The crown portion 12 which receives the wallboard fastening means, preferably self-drilling, self-tapping, power driven sheet metal screws 26, has slightly raised lips 28 formed along either lateral edge thereof to provide space between the facing side of the wallboard 13 and the crown 12 surface to provide for optimum ease of screw insertion, viz, to prevent screw bit flash. Additionally, the outer recessed surface of the crown portion 12 is knurled or otherwise scored, to provide a roughened surface 30 which prevents slippage of the self-tapping screws 26 during insertion thereof.
It is to be noted that the depth of the channel 10 extending perpendicularly from the crown portion 12 to a plane passing through the lateral edge portions 14 should be great enough to allow the self-tapping screws 26 to protrude through the crown portion 12 but without the tips thereof touching the supports 15 since this would prevent the desired resilient action. Thus a plane passing through the surface 30 of crown portion 12 lies substantially parallel to, but spaced apart from, the plane lying along the lateral edge portions 14.

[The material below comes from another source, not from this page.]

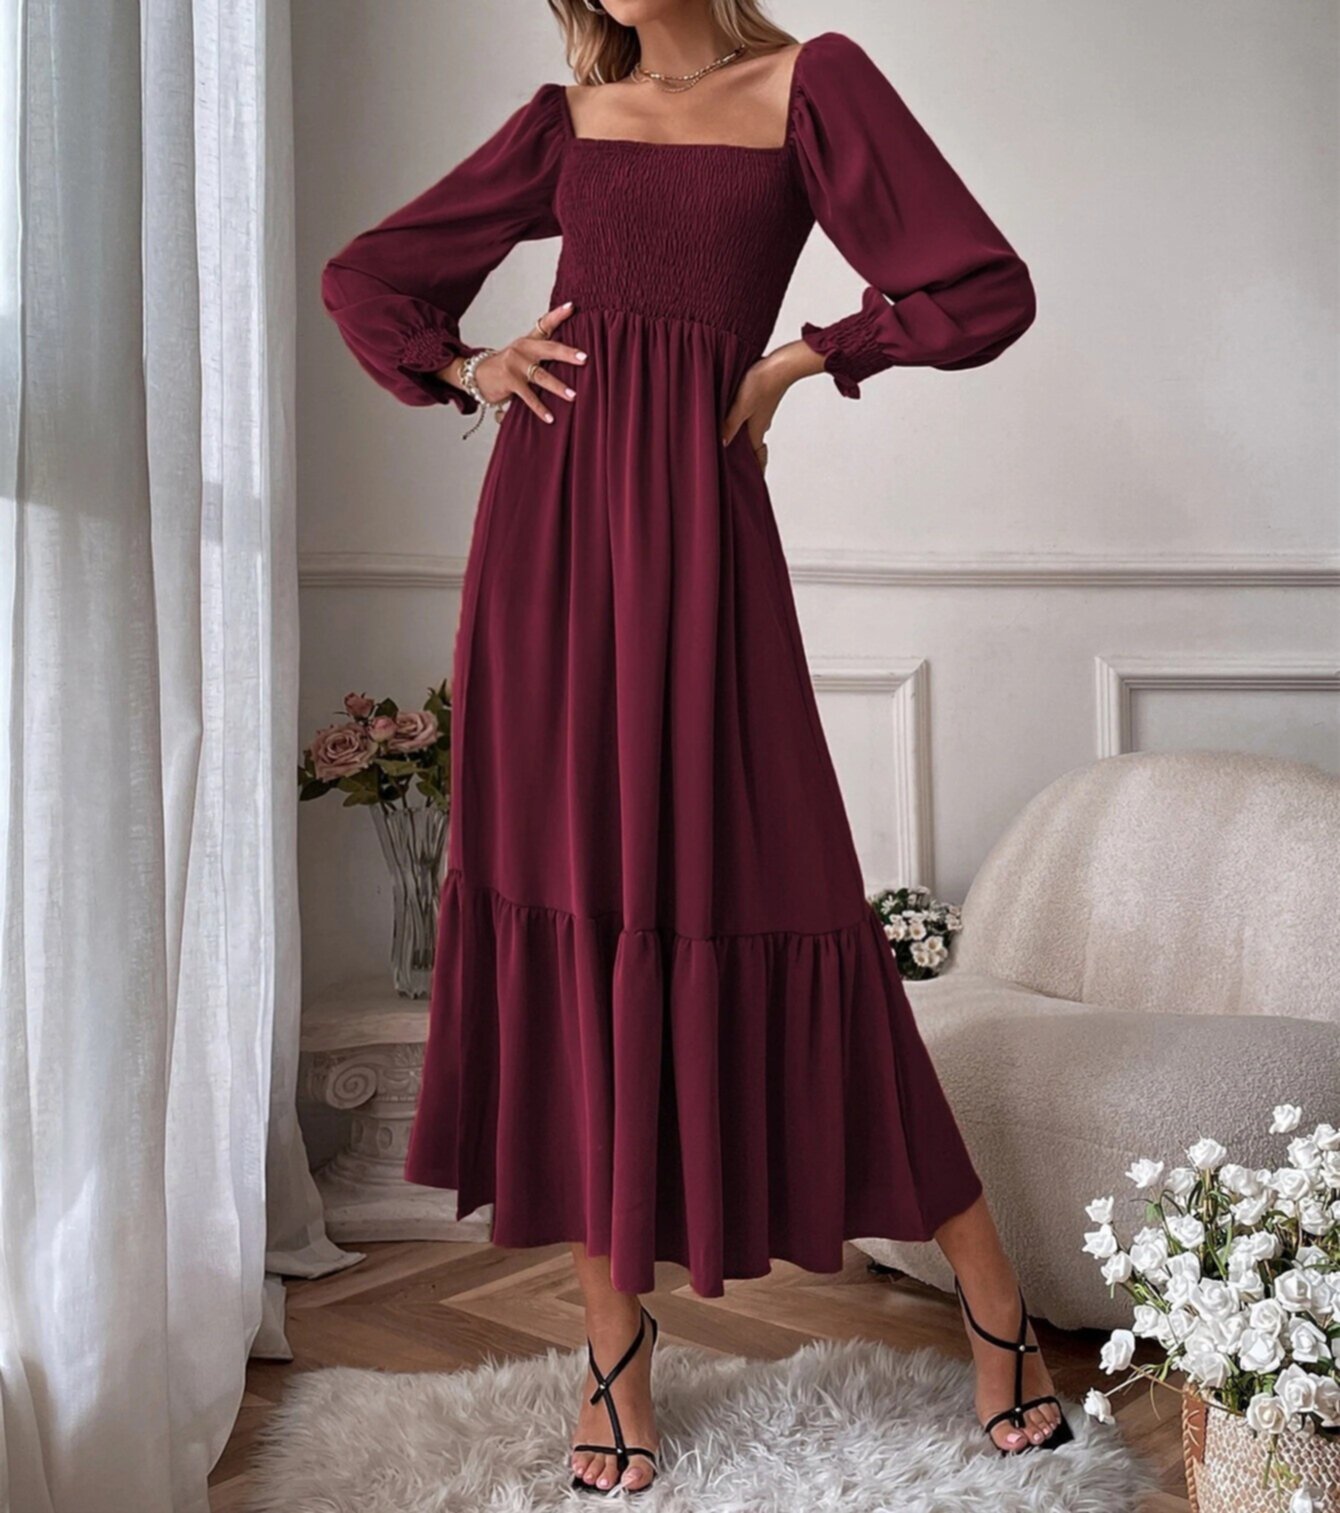 Square neck long sleeved thin soft dress

FIGS. 2 and 3 exemplify one manner of securing the channel 10 to the stud or joist supports 15, and the wallboard 13 to the channel 10. The channel 10 is equally useful for ceiling construction, particularly due to the symmetrical cross section configuration, whereby both edges of the channel can be secured to the ceiling joist supports 15 to provide greater strength while still providing the required resilience for improved sound isolation. The crown 12 is of sufficient width to allow the channels to be installed parallel to the wallboards, wherein adjacent, abutting edges of the wallboards 13 are secured to the channels 10 by means of two rows of screws 26 which are driven therethrough into the crown portion 12. Generally however, the wallboards are installed in perpendicular relation across the channels, as shown in the figures.

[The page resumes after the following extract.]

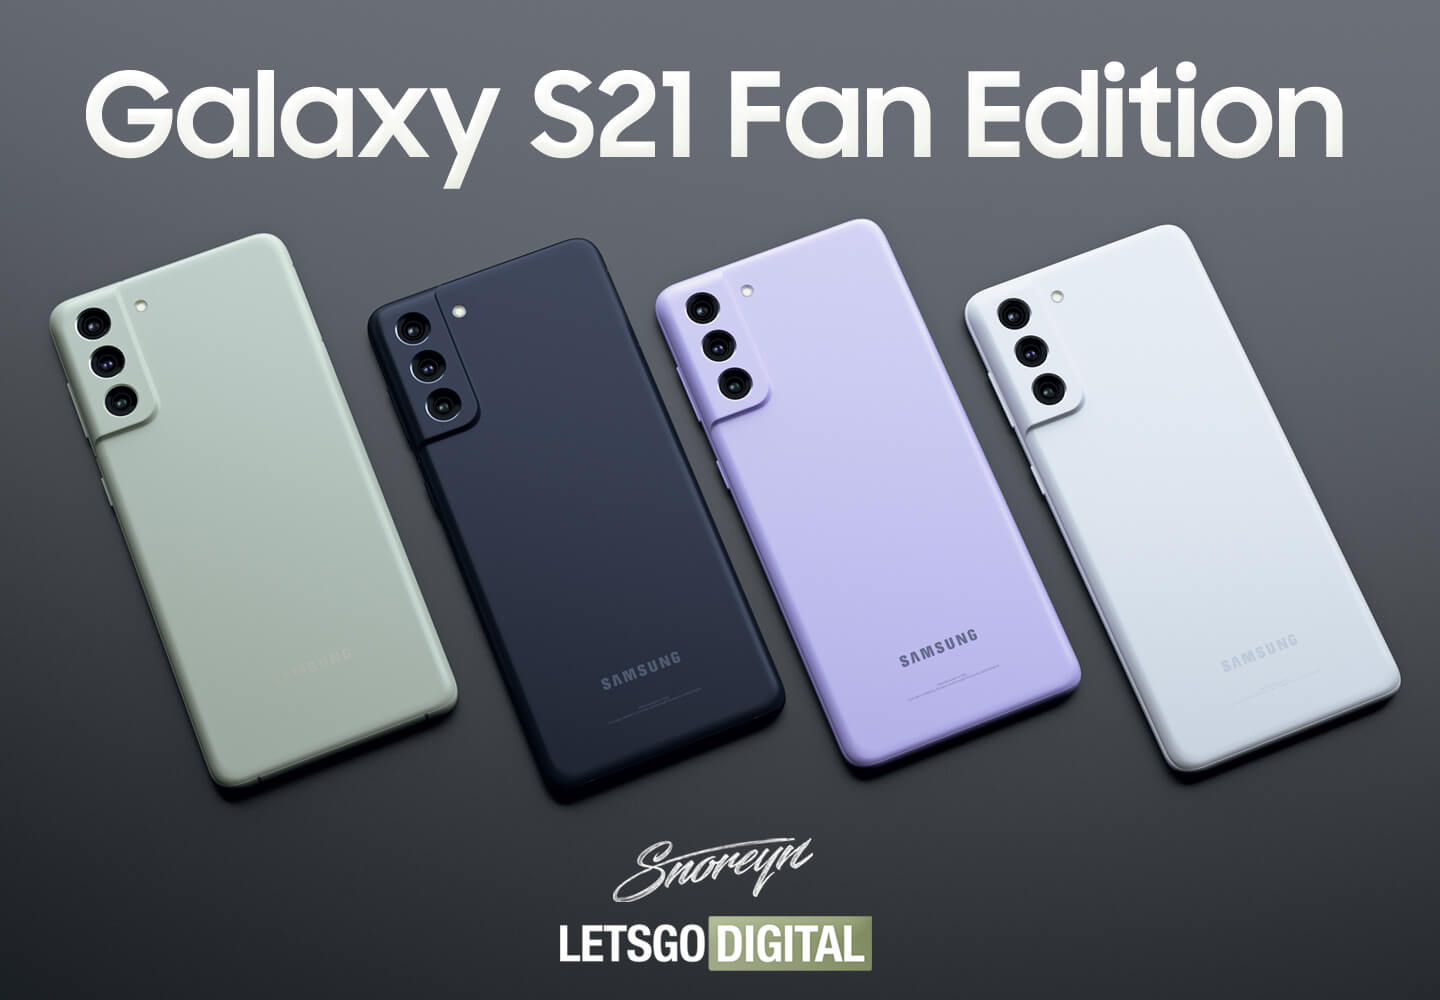 Samsung Launches the Galaxy S20 FE: Bringing Together Fans

The unique channel configuration lends itself to ready and inexpensive fabrication by mass production methods. An elongated flat strip of construction material is preferably first punched to simultaneously form the extending tabs 18 and the resilient leg strips 24, and thereafter the material is folded and pressed to form the hat-shaped cross section comprising the crown portion 12, the resilient leg portions 16 and the lateral edge portions 14. The resilience of the channels 10 can thus readily be varied for a particular batch of channels by simply relocating the punch apparatus which forms the tabs 18 to regulate the width, W, of the remaining leg strips 24 as well as the width, M, of the tabs 18. Additionally, the various dimensions of the resilient leg portion 16 and the various angles at which the channel 10 is formed, particularly the dogleg angle of the resilient strips 24, and generally chosen commensurate to the resilience and strength characteristics desired for the type of wall or ceiling construction in which the channels are to be used. Increasing the width W of the leg strips 24 increases their rigidity and thus the channel resilience.

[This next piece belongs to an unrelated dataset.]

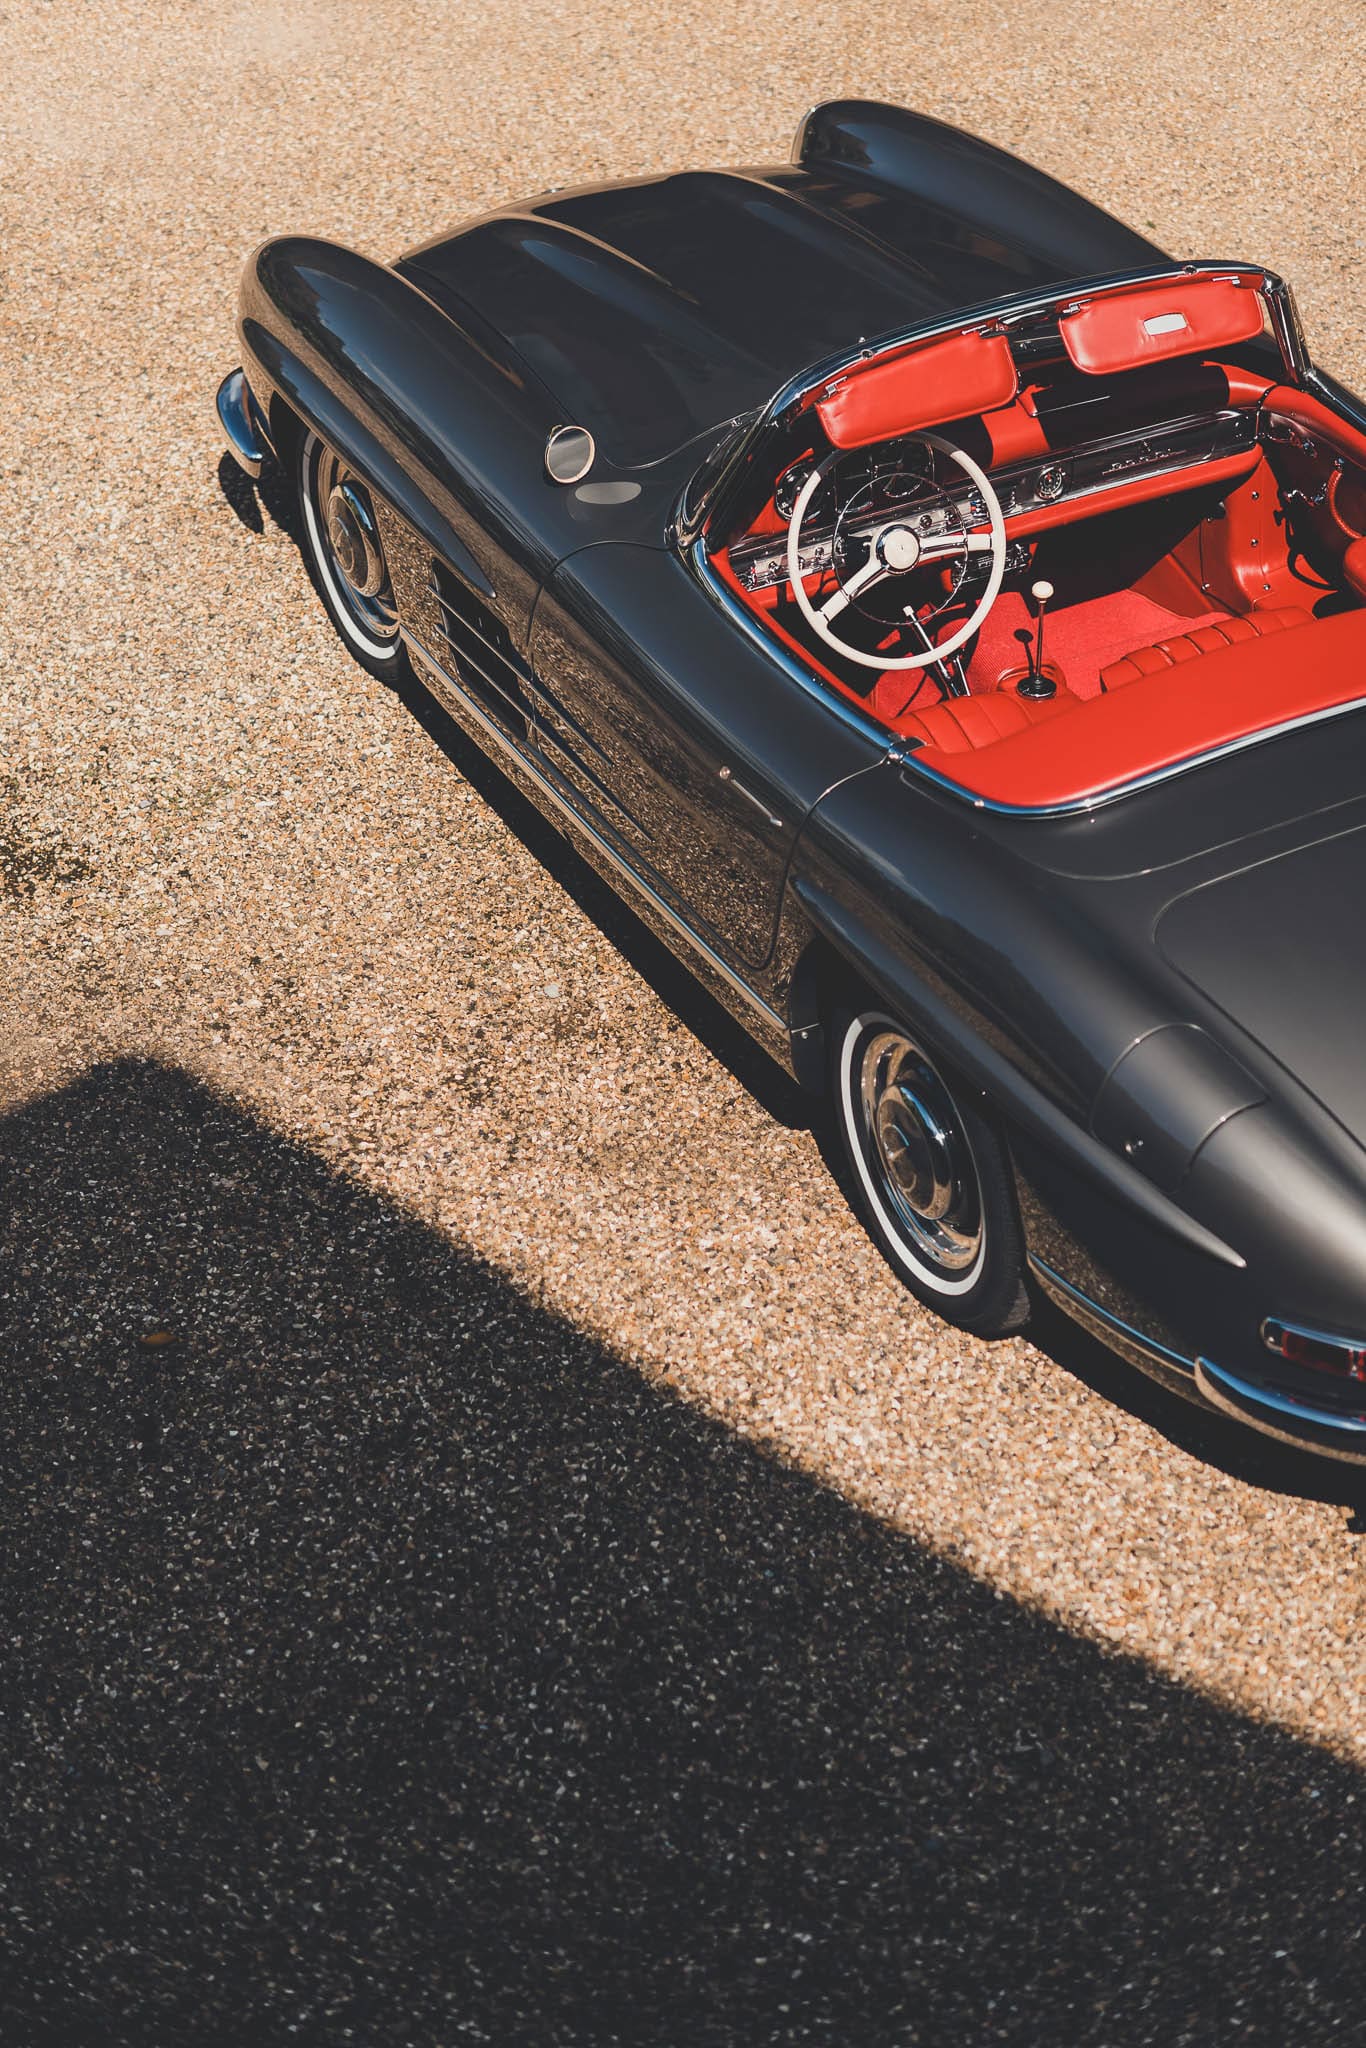 Mercedes-Benz 300 SL Roadster, For sale: <strong>Mercedes-Benz 300 SL Roadster uit &#8217;57</strong>

Although the present invention has been described with respect to a single embodiment, it will be apparent that numerous variations and modifications may be made within the spirit and scope of the invention.
What is claimed is:
1. An improved resilient furring channel for resiliently securing wallboard to a supporting structure comprising; an elongated strip of sheet material formed in a generally hat-shaped symmetrical cross section; including a centrally extending crown portion, lateral edge portions disposed at either side of the crown portion, and resilient leg portions having at least one bend intermediate the ends thereof integrally formed with and interconnecting said crown portion and said lateral edge portions, said crown and edge portions disposed along substantially parallel planes spaced a selected distance apart by said interconnecting resilient leg portions, said resilient leg portions including a spaced succession of resilient leg strips of the sheet material extending transverse of the length of the sheet material strip, and tab means for securing the channel to the supporting structure formed of material from the resilient leg portion.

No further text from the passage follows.